Мучимый проклятым вопросом, Иванов не задал его Со-скину. Он давно усвоил неписаное правило: все, что старший начальник сочтет нужным, он скажет сам.
Инженер-капитан I ранга развернул карту: позиции орудий батареи "А" расположатся на территории почти в пятнадцать километров. Замелькали финские названия деревень: Пелгала, Пёляля, Карвола, Рецеля, Перекулья, Мурилово, Вариксолово. Иванова заинтересовало: почему такие названия на исконных русских землях?

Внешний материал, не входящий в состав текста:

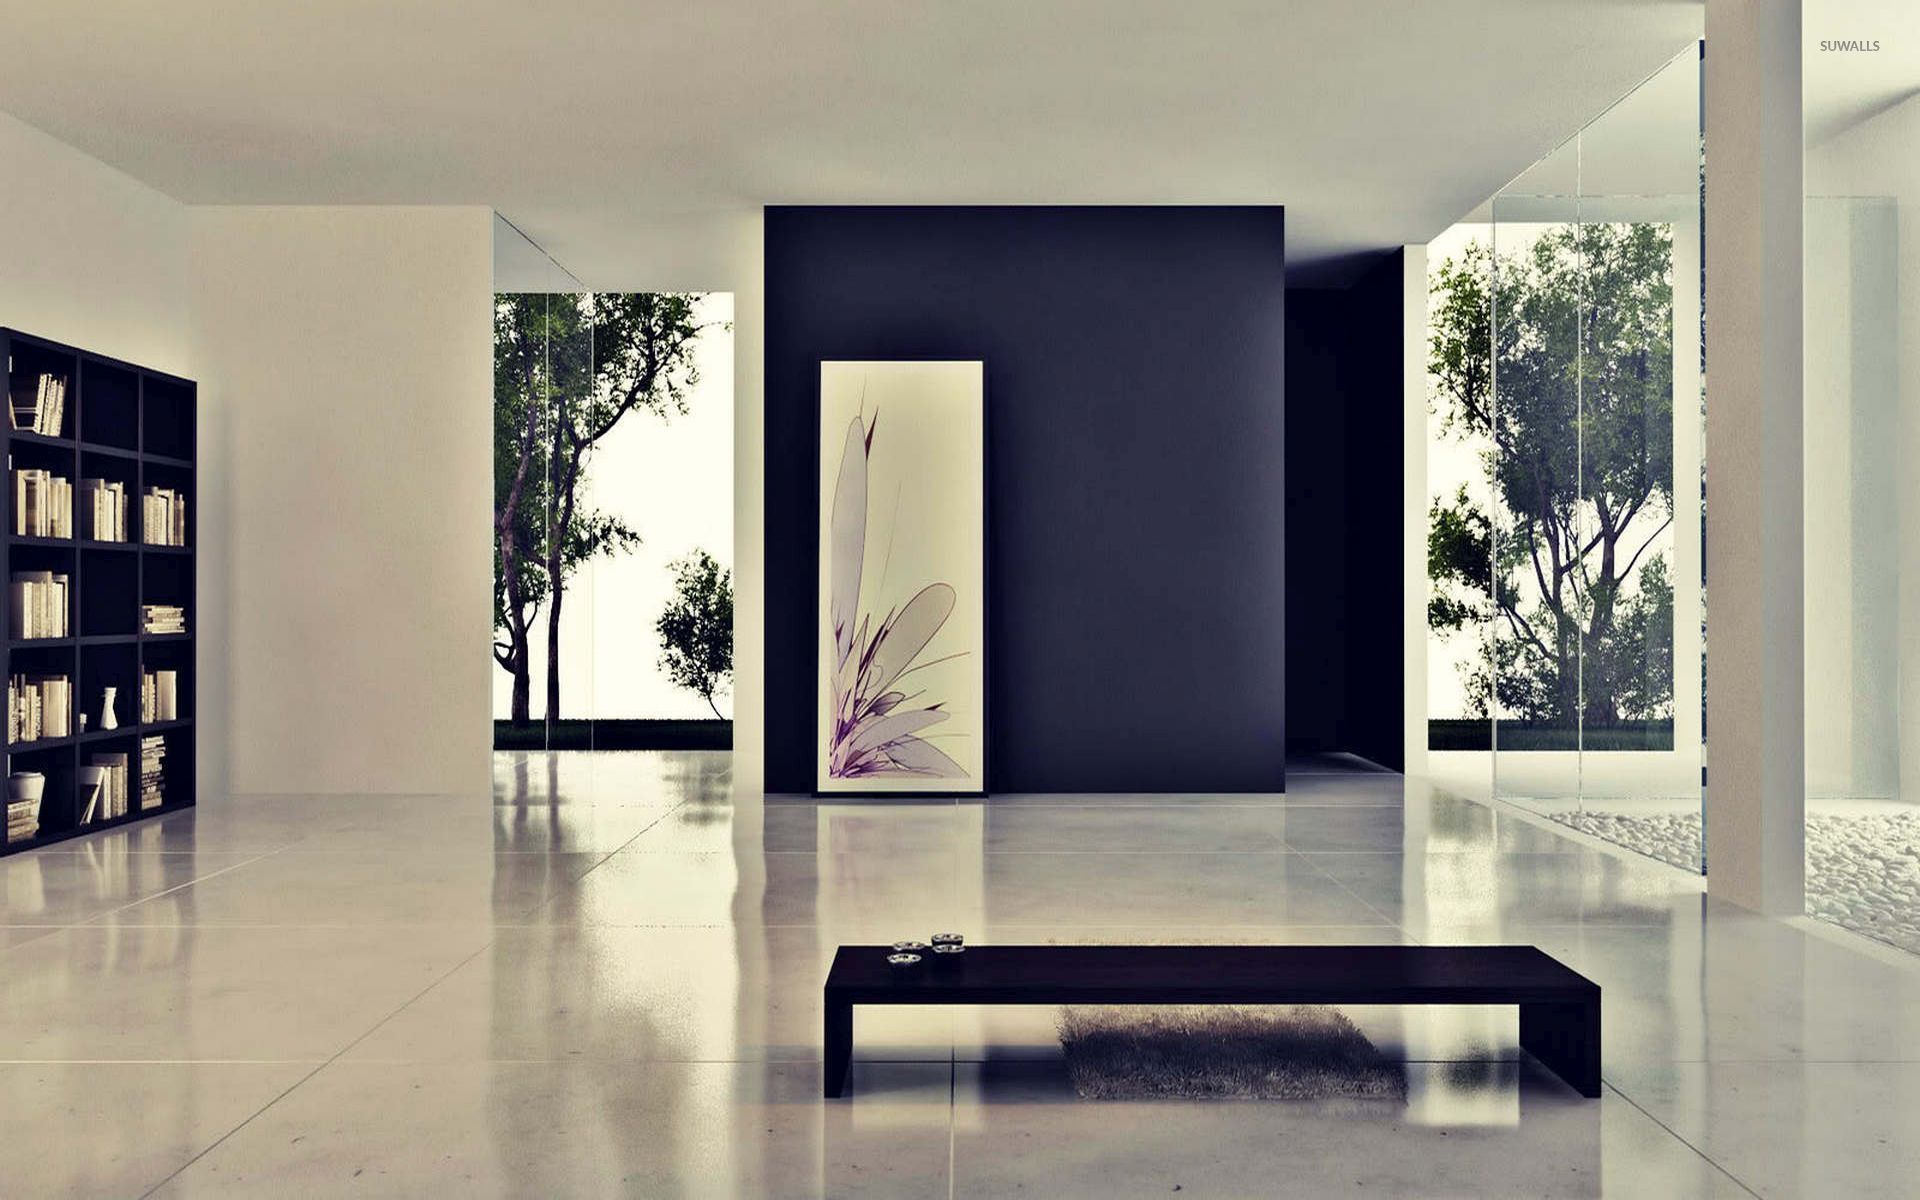 Minimal Living Room Design: Simple Yet Stylish

Соскин, видно, хорошо знал историю этих мест. В XVII веке их захватили шведы. Захватив, переселили сюда финских крестьян.
– Впрочем, – инженер-каперанг провел карандашом по карте, – из расположения вашей батареи значительная часть населения эвакуирована. Нужна секретность. Эти деревни почти пустынны...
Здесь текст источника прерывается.